## Exercise prompt
Across all of the records below, determine the number of lines containing the string "Villa"; reply with that number only.

## Records shown
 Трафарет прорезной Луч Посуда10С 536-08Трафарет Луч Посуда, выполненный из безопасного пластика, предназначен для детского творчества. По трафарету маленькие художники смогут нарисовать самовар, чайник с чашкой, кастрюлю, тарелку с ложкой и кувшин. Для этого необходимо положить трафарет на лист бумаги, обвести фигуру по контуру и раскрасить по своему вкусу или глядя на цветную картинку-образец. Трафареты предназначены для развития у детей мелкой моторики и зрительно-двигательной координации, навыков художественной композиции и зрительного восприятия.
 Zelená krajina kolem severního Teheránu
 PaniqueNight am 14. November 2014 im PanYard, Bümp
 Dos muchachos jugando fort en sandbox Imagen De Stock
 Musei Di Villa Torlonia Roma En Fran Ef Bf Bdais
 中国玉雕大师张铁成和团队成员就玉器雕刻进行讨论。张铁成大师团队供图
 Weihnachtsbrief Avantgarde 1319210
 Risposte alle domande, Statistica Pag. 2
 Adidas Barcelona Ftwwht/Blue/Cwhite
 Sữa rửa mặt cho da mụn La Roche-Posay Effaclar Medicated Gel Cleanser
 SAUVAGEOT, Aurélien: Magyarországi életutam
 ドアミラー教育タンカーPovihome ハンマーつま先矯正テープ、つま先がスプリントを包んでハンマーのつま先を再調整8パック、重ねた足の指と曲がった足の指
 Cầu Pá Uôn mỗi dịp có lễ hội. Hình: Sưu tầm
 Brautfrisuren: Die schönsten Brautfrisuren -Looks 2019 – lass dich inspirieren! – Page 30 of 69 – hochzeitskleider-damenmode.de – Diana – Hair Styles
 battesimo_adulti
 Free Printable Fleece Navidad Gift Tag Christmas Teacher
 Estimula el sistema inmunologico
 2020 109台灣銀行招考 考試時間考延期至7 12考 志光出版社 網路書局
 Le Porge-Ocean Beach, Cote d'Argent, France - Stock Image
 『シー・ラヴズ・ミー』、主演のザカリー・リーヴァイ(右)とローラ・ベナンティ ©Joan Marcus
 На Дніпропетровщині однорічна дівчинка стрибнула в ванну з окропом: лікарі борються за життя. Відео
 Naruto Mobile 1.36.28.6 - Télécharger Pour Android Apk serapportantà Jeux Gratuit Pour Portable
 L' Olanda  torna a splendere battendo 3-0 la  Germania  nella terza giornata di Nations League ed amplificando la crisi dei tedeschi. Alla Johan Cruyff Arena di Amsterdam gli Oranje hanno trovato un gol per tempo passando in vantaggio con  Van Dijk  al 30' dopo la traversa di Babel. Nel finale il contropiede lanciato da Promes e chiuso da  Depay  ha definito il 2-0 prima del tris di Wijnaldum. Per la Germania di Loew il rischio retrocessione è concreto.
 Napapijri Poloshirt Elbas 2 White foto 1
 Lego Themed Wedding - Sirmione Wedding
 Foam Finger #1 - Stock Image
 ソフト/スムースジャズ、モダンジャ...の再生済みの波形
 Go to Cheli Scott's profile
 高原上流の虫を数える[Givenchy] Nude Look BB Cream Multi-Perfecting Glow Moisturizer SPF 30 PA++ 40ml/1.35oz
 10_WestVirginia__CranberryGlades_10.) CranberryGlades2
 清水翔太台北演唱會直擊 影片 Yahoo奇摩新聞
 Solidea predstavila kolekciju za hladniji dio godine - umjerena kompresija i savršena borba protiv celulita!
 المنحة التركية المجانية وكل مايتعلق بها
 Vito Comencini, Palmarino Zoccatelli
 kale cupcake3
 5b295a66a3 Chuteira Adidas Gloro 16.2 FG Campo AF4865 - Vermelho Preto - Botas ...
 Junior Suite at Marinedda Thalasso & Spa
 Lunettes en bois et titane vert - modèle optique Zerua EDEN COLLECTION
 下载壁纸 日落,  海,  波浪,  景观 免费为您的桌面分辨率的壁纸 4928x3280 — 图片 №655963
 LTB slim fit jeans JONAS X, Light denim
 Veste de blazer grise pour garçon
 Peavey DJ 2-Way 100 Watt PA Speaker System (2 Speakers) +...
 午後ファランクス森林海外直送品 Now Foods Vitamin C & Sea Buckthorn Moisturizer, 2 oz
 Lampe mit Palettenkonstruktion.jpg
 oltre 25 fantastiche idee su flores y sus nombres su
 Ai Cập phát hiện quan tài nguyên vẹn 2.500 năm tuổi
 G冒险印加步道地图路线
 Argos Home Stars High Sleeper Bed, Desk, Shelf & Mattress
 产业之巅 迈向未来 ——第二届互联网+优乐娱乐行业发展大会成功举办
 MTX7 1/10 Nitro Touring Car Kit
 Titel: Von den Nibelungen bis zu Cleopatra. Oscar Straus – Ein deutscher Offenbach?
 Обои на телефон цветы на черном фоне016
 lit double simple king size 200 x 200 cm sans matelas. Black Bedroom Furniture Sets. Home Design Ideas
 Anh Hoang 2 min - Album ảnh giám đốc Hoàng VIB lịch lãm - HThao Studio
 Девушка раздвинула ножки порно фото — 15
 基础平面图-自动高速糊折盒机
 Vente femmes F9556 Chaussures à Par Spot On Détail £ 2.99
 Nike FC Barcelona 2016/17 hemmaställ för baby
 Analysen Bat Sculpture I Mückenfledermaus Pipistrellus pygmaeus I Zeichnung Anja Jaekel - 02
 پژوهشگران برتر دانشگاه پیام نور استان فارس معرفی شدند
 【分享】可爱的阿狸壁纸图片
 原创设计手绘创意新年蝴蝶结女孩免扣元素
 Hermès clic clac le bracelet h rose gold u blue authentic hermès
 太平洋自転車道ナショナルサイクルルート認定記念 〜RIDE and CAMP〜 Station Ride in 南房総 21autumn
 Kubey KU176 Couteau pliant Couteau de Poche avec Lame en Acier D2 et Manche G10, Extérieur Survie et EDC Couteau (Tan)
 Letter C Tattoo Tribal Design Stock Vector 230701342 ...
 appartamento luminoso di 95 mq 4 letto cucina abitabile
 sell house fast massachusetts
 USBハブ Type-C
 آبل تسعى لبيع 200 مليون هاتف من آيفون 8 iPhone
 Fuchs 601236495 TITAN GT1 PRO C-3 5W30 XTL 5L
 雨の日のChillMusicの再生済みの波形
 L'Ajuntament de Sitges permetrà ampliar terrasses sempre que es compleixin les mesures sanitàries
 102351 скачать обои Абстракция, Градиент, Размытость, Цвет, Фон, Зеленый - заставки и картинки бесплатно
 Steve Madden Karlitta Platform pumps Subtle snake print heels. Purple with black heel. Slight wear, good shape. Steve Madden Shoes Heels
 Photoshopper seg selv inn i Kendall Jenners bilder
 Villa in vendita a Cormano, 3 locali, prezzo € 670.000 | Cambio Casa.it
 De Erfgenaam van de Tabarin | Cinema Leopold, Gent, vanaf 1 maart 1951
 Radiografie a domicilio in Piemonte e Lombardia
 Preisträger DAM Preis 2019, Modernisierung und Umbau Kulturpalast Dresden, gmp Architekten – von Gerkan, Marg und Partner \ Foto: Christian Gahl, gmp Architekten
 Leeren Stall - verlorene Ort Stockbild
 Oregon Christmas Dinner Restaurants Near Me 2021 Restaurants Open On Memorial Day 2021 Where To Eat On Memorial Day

## Problem solution
2